Segment Start: Source material

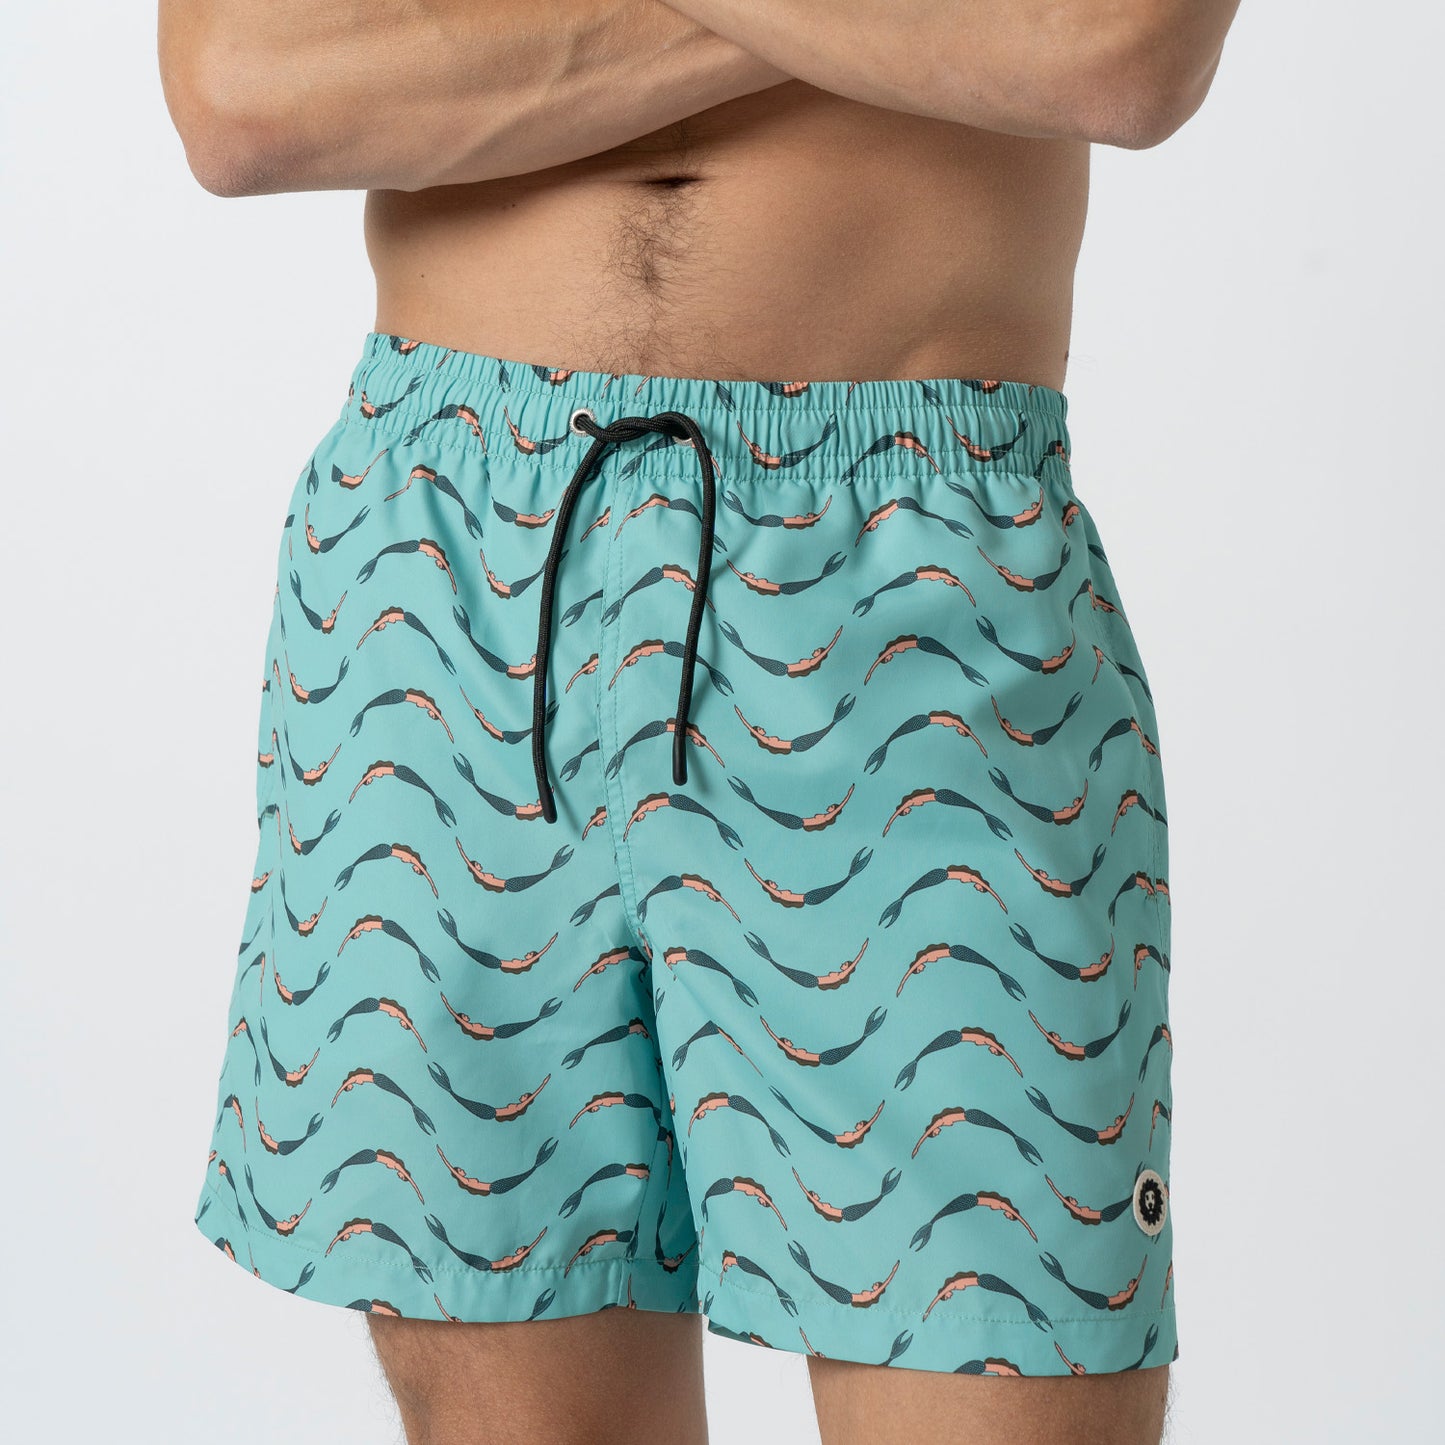 Mermaids Swim Shorts - Turquoise (4)
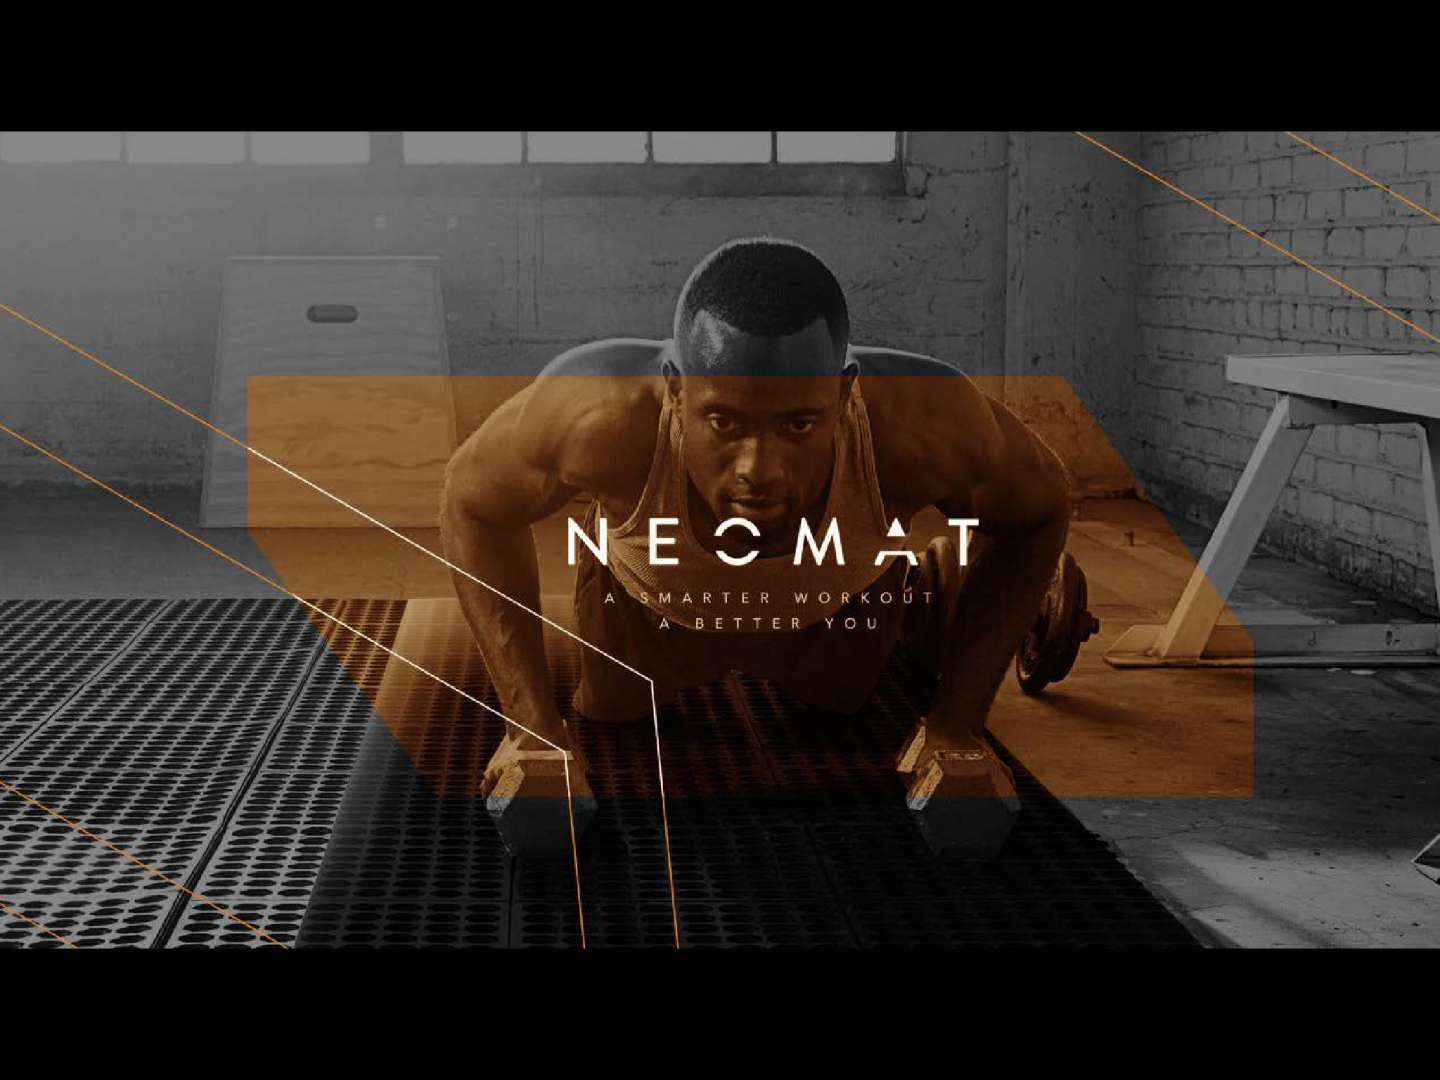 NEOMAT - A Smarter Workout
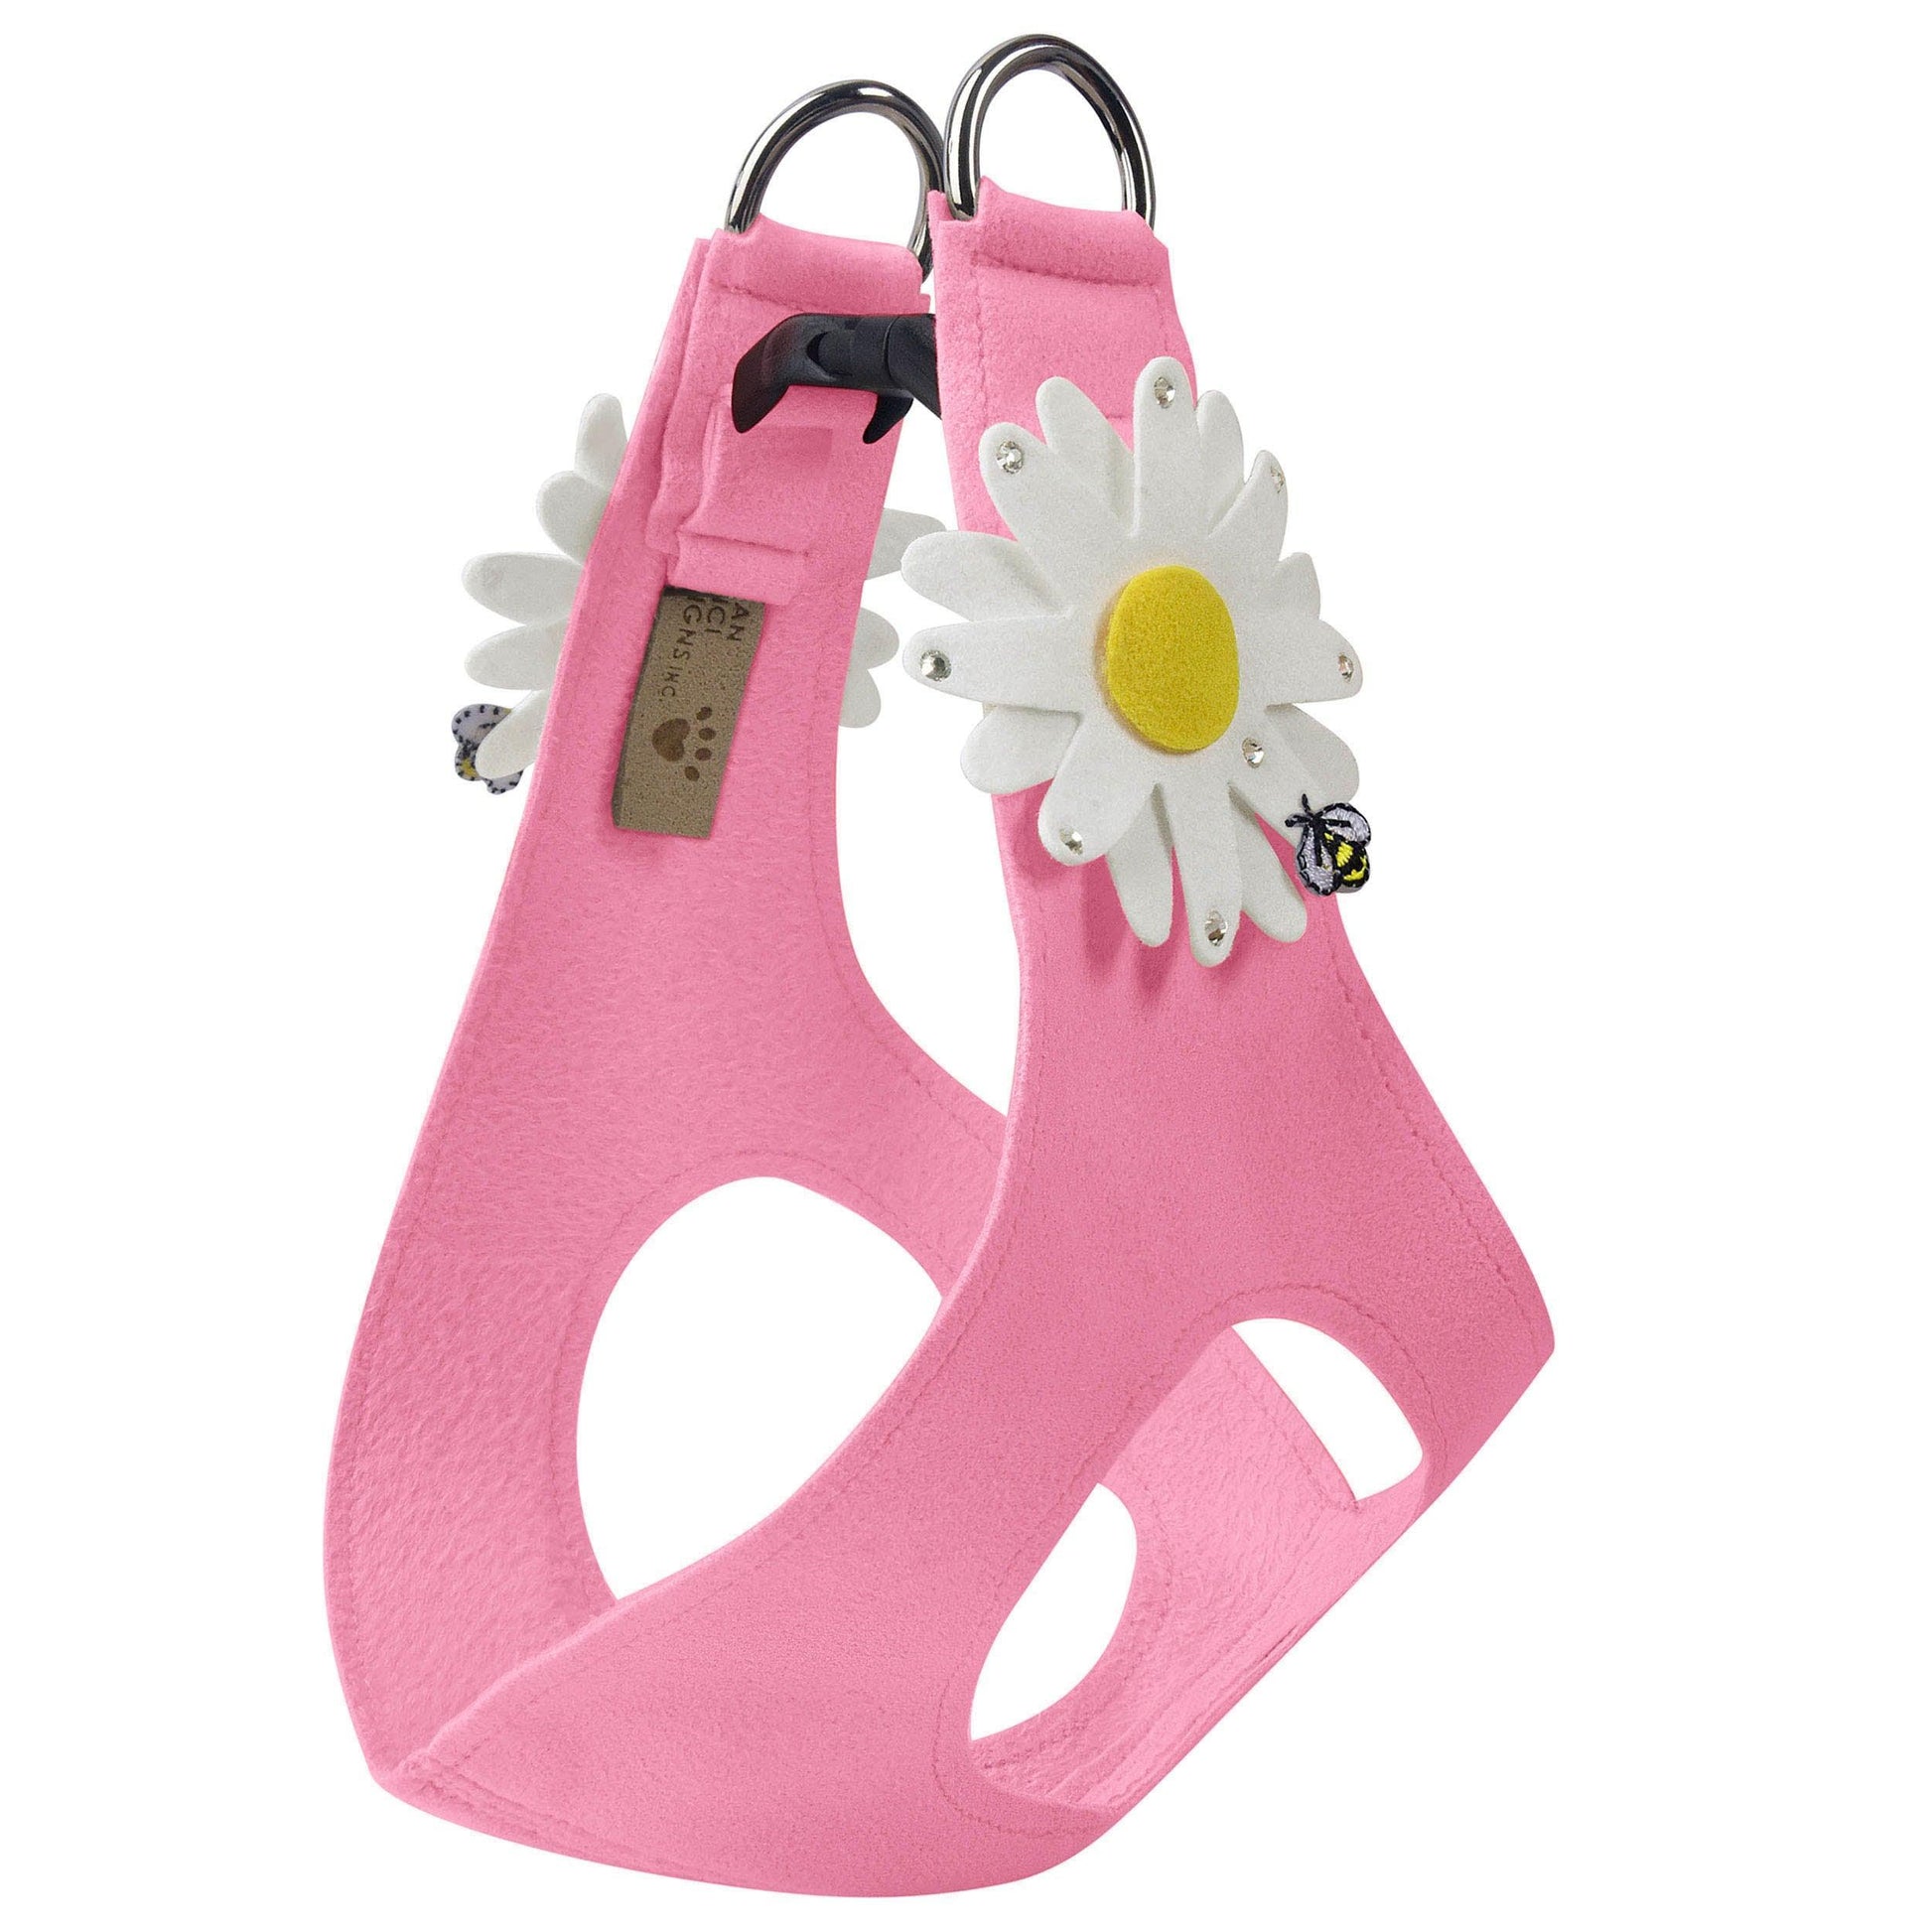 High-quality step-in designer dog harnesses Perfect Pink - Pooch La La

Segment End: Source material

Description of the task
From the first line to the last, output the data exactly; skip any pictures.

Result of this exercise
 Mermaids Swim Shorts - Turquoise (4)
 NEOMAT - A Smarter Workout
 High-quality step-in designer dog harnesses Perfect Pink - Pooch La La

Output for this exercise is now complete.